A VAT loan account is an option that enables the law firm to spread the cost over three-monthly payments. This type of facility can be taken out to supplement other types of borrowing and payment can be made directly to HMRC from the lender on the law firm’s behalf.

Keep a close eye on lock-up

Billing discipline and hygiene is central to healthy cashflow management. It is recommended that firms bill on at least a monthly, or sometimes weekly, basis, where possible. Firms should also make sure they bill before the month end as this increases the chances of being included in an early pay-run, boosting cashflow.

The number of lock-up days should be considered a key performance indicator of any legal firm.

Overhead discipline

At a time of rising costs – from salaries to energy – it’s important that law firms maintain overhead discipline. Annual audits of all costs should weed out those overheads that aren’t important to the business.

One of the biggest costs for legal firms is rent and, with the move to hybrid working, firms should consider whether their premises are the right size for the modern workplace. Can costs be saved through more remote working or shared office space, for example?

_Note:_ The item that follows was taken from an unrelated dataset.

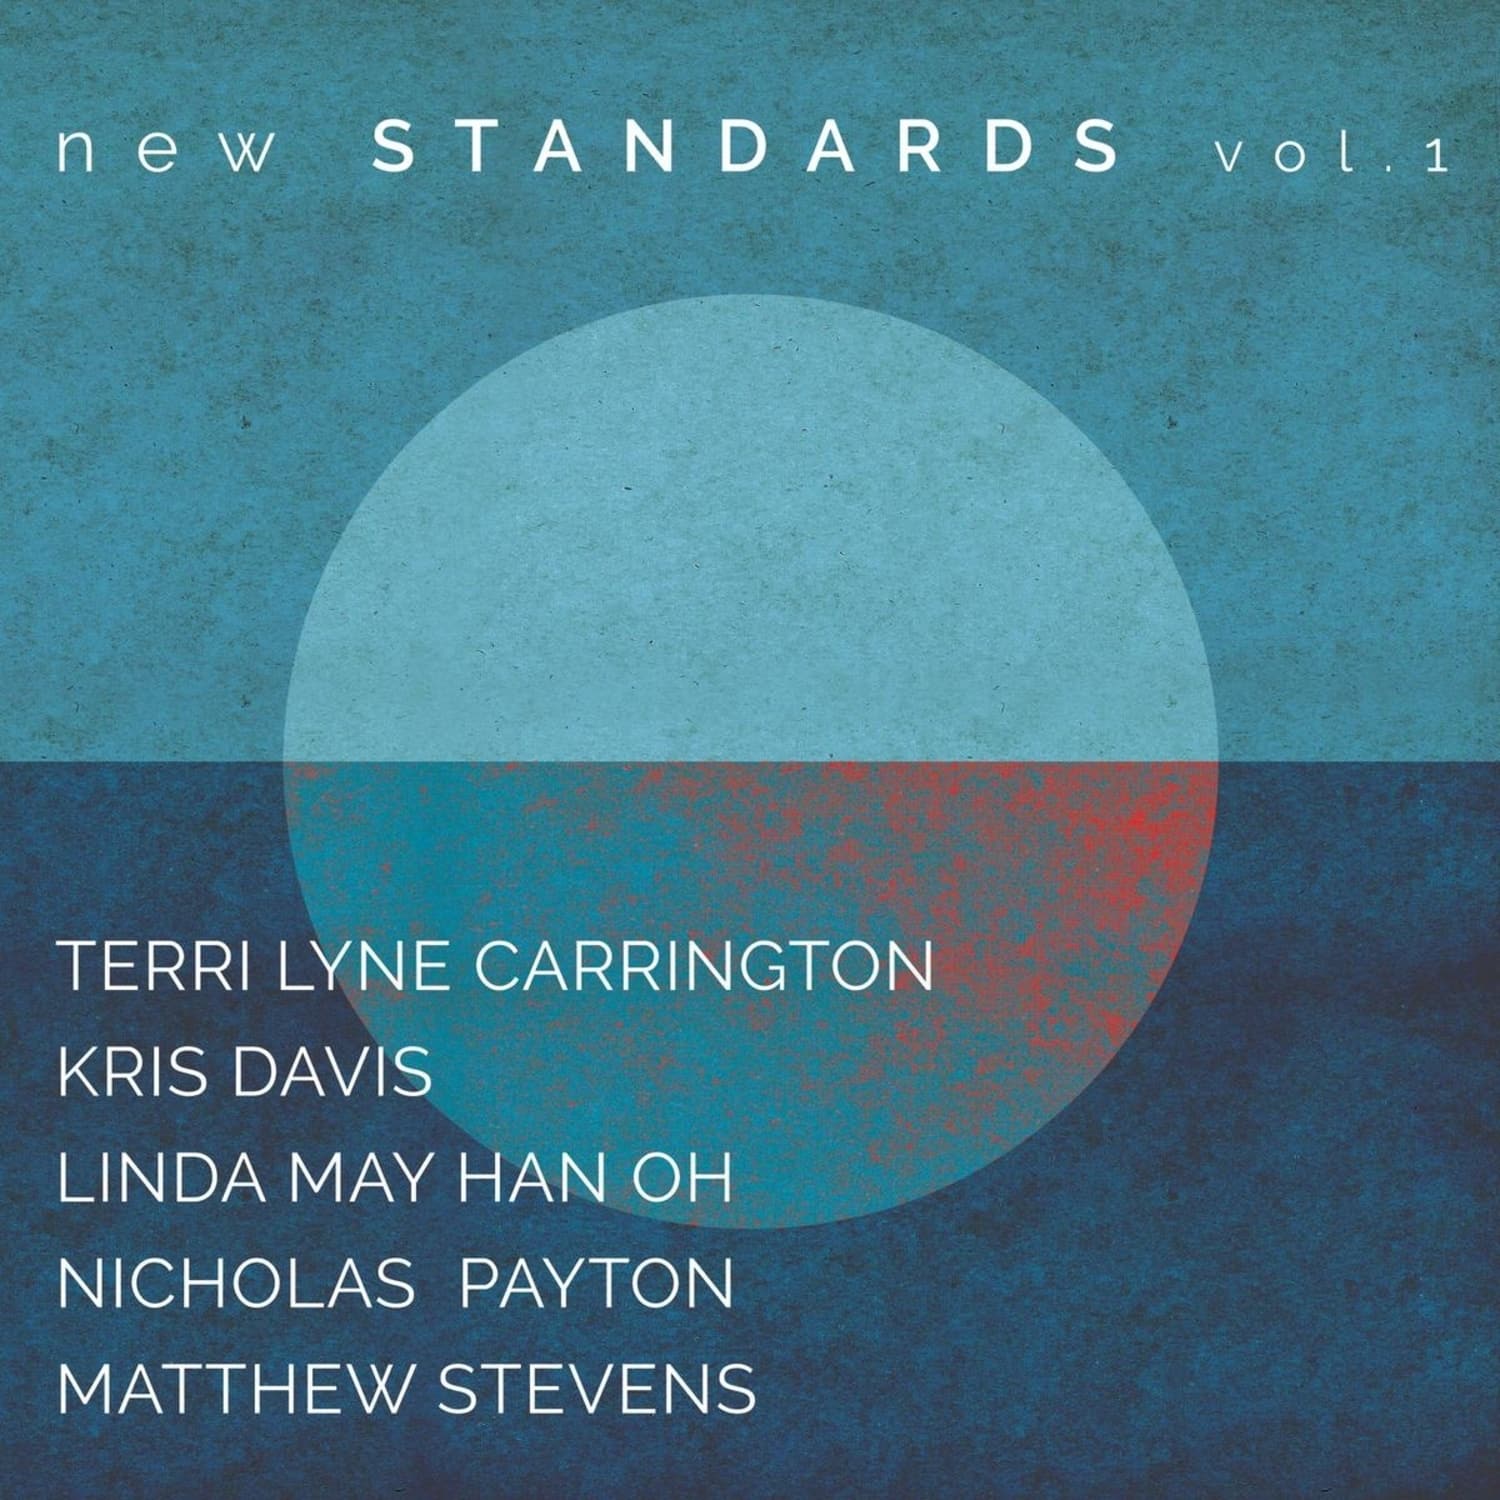 Terri Lyne Carrington - NEW STANDARDS VOL.1 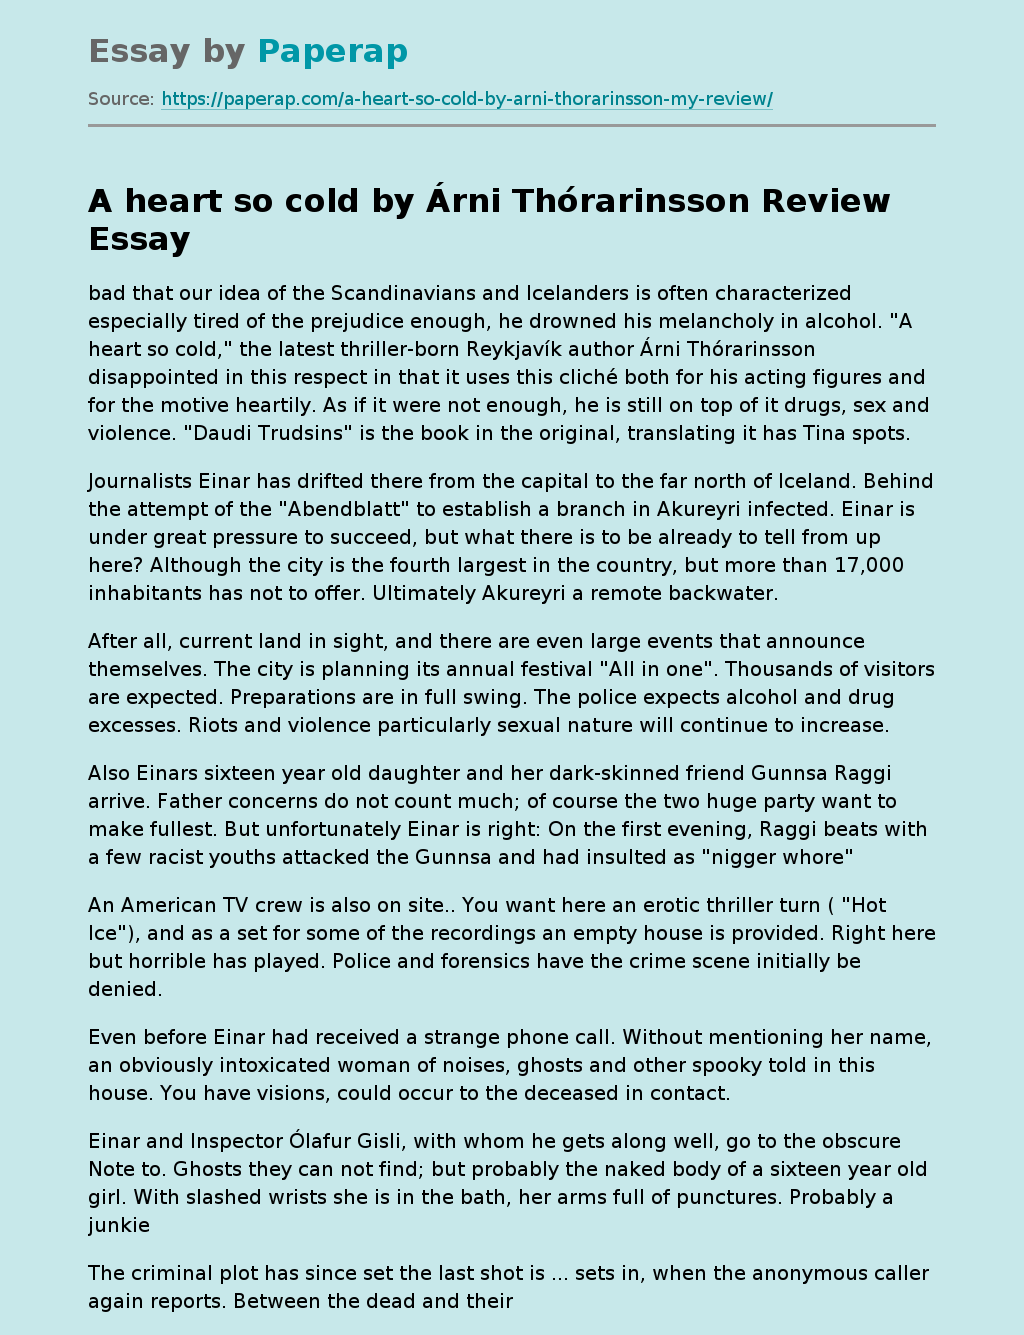 A Heart so Cold by Árni Thórarinsson Review

A PwC report from last year found that 48% of the top 100 law firms plan to reduce their office footprint in the short-to-medium term and I’m sure that is a trend that will be repeated across the country and will be a feature of many of your clients’ financial considerations in the time ahead.

*The views expressed are the author’s and not ICAEW’s.

About the author:

Michael Stevenson is a Chartered Accountant and worked for many years as an Insolvency Practitioner, predominantly for Smith & Williamson, now Evelyn Partners. Since 2009, he has been instrumental in the setting up and managing of the Iceberg business, which provides working capital loans to UK law firms. Since 2017, Iceberg has been part of the Paragon Banking Group.